Now, that didn't quite cover my use case -- what if, I wondered, the slow operation
was putting things onto the GPU? The script also has a --put_items_to_gpu
flag to
do that -- after getting each item, it uses device_put
. With that flag:
- Getting the zeroth item from the array took about 0.86s, and putting it on the GPU took 0.02s.
- Subsequent items had "get" times similar to the previous run, and "put" times of about 0.0006s.
So, there's still a small startup penalty -- perhaps JAX is having to JIT some of its internal stuff -- but a perfectly decent speed after that. Commitment works!
Wrapping up
I'm still building my mental model of how JAX works, and working out exactly what is going on here is proving a bit tricky. The split between a committed and an uncommitted array seems clear; the former is tied to a device, while JAX will move the latter around as needed.
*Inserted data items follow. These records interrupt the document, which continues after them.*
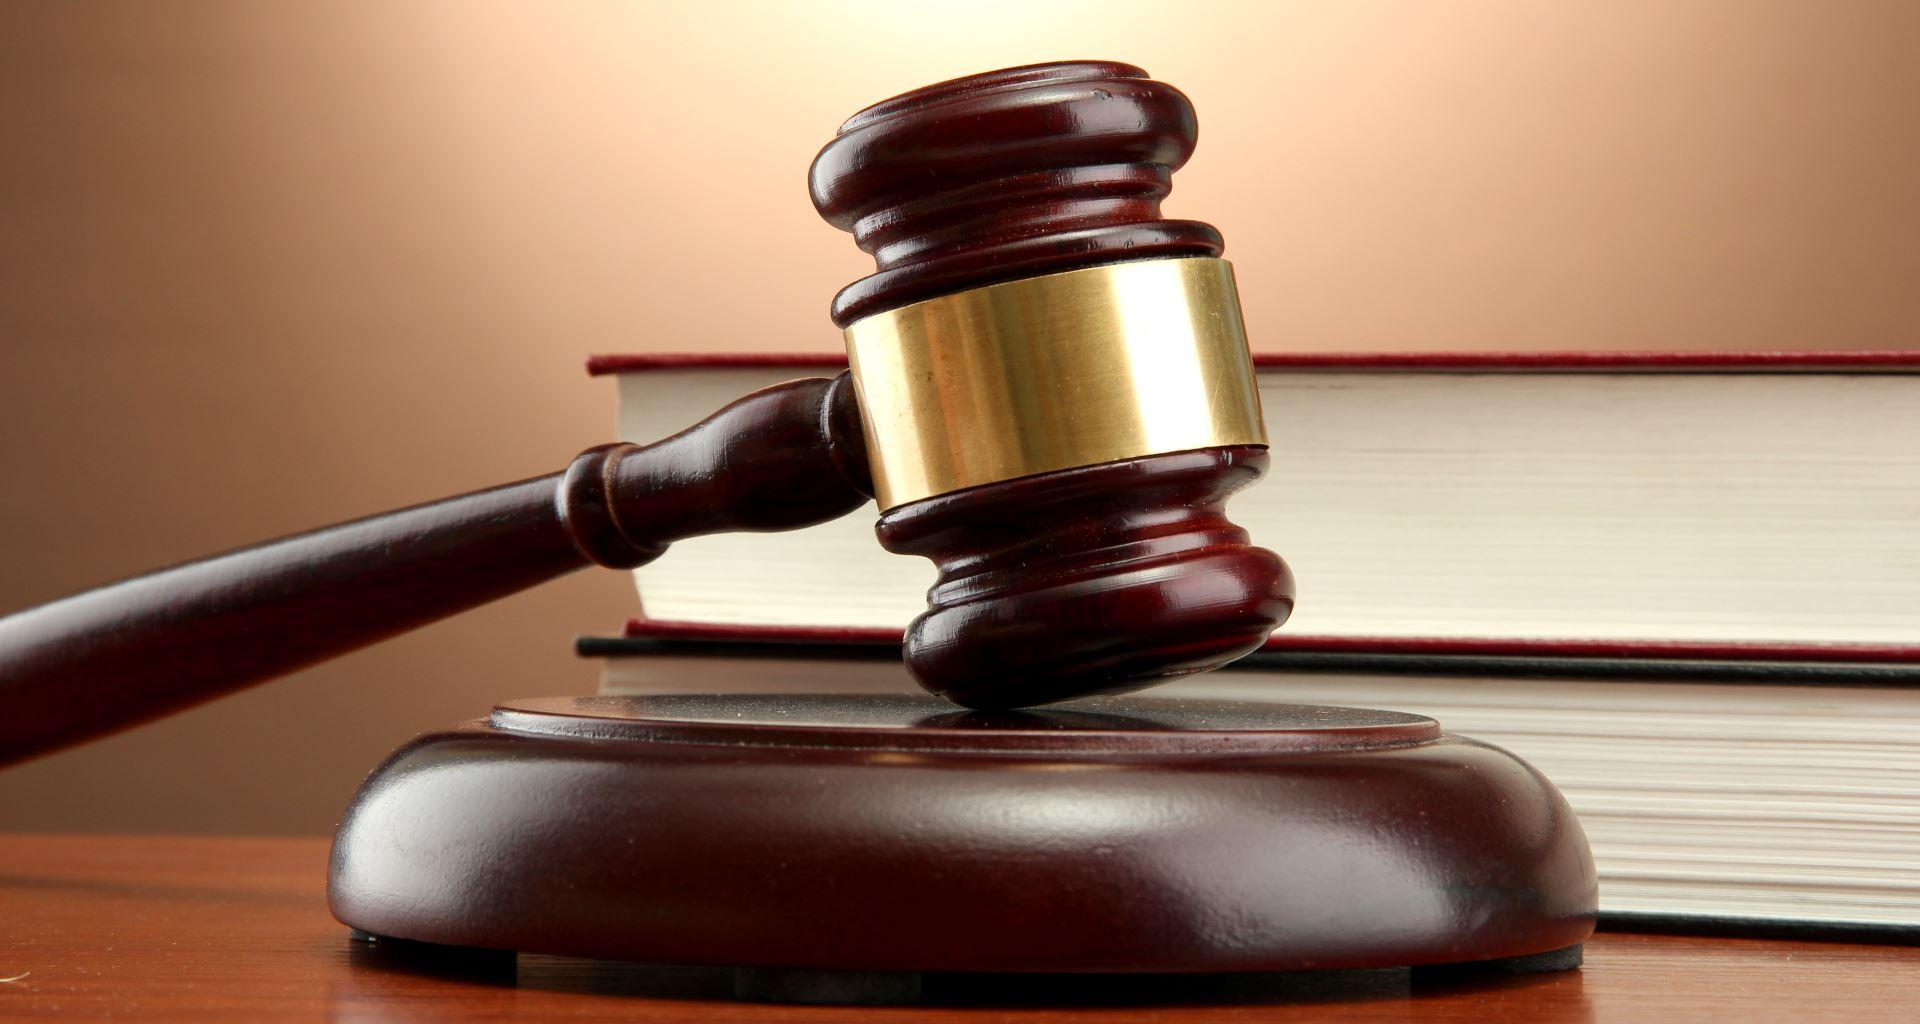 un giudice usa il martello per dare una sentenza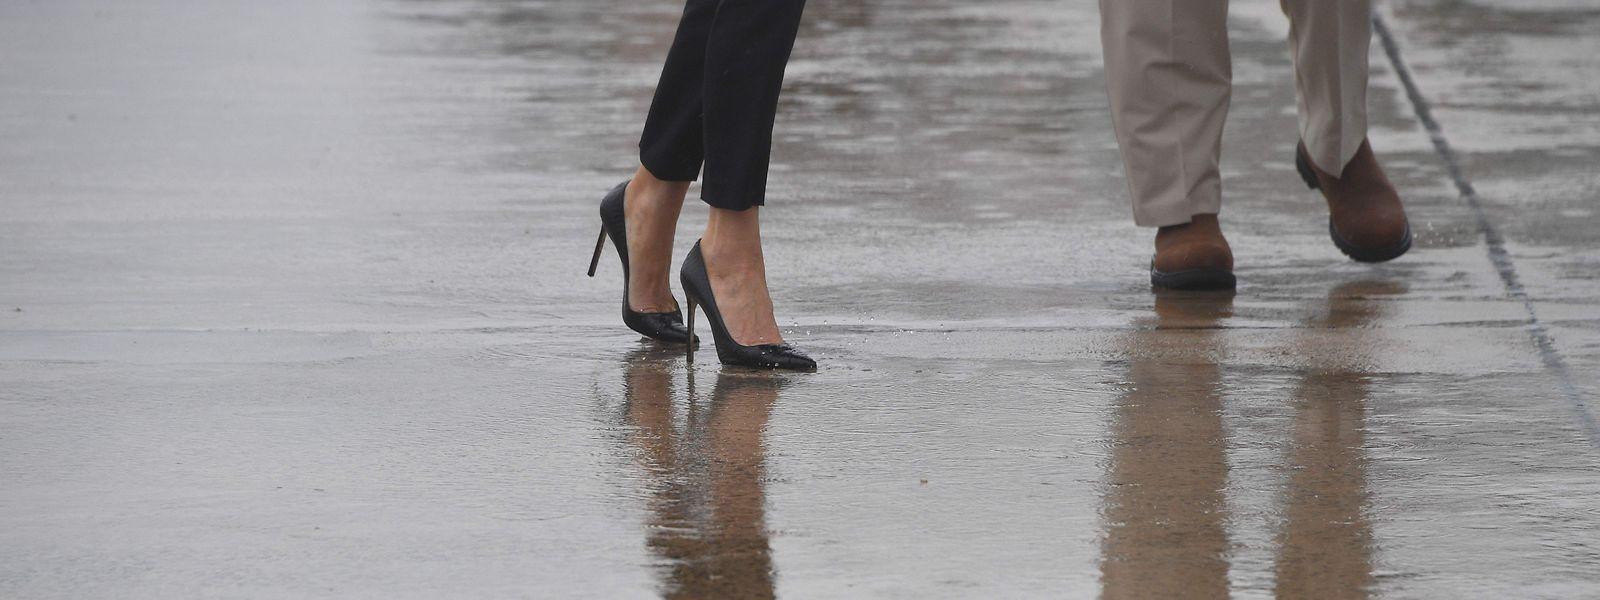 (Keine) nassen Füße: Der US-Präsident und seine Gattin auf dem Weg ins Katastrophengebiet.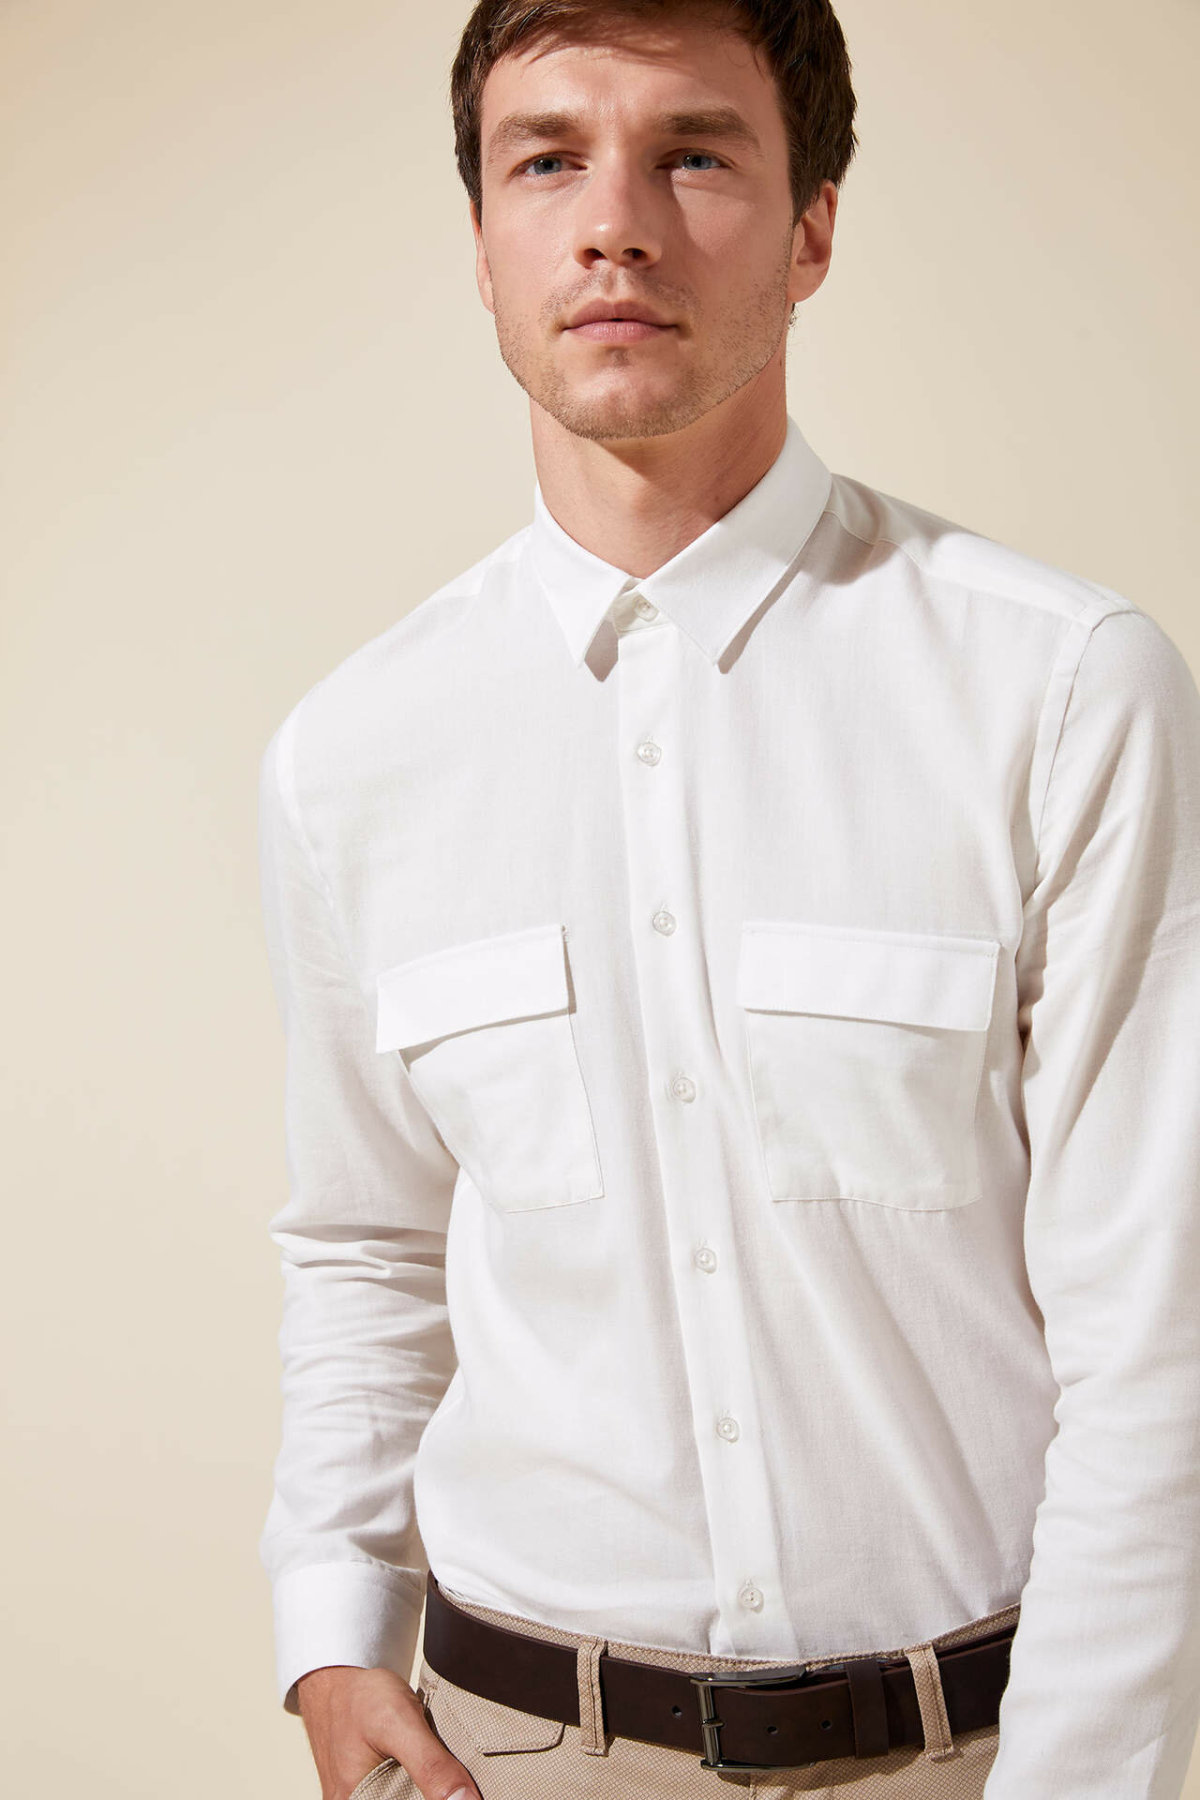 DeFacto Formal Fashion Man Long Sleeve Shirt Autumn Male Formal Pure Color Blouser Men's Simple Shirts White New - L4546AZ19HS

It also makes a certain amount of sense that it would want to move the items to the GPU; it is, after all, the default device. But I'm less clear on why that was so slow, compared to the manual process of getting the item then putting it there.
Hypothesis: the array is on the CPU's RAM, but not committed there. We ask for an item from that array, and maybe JAX wants that to be on the default device, the GPU. So it moves the entire "parent" array there, extracts that item, and then returns that. Then next time around when we ask for the next item, it does the same thing again.
Plausible? Maybe, but it does sound a bit pathological!
Anyway, at the end of the day, I have a solid new heuristic of my own: if you want something
to definitely be on some specific device, make sure that you nail it down there with
device_put
. And then you won't have commitment issues like these.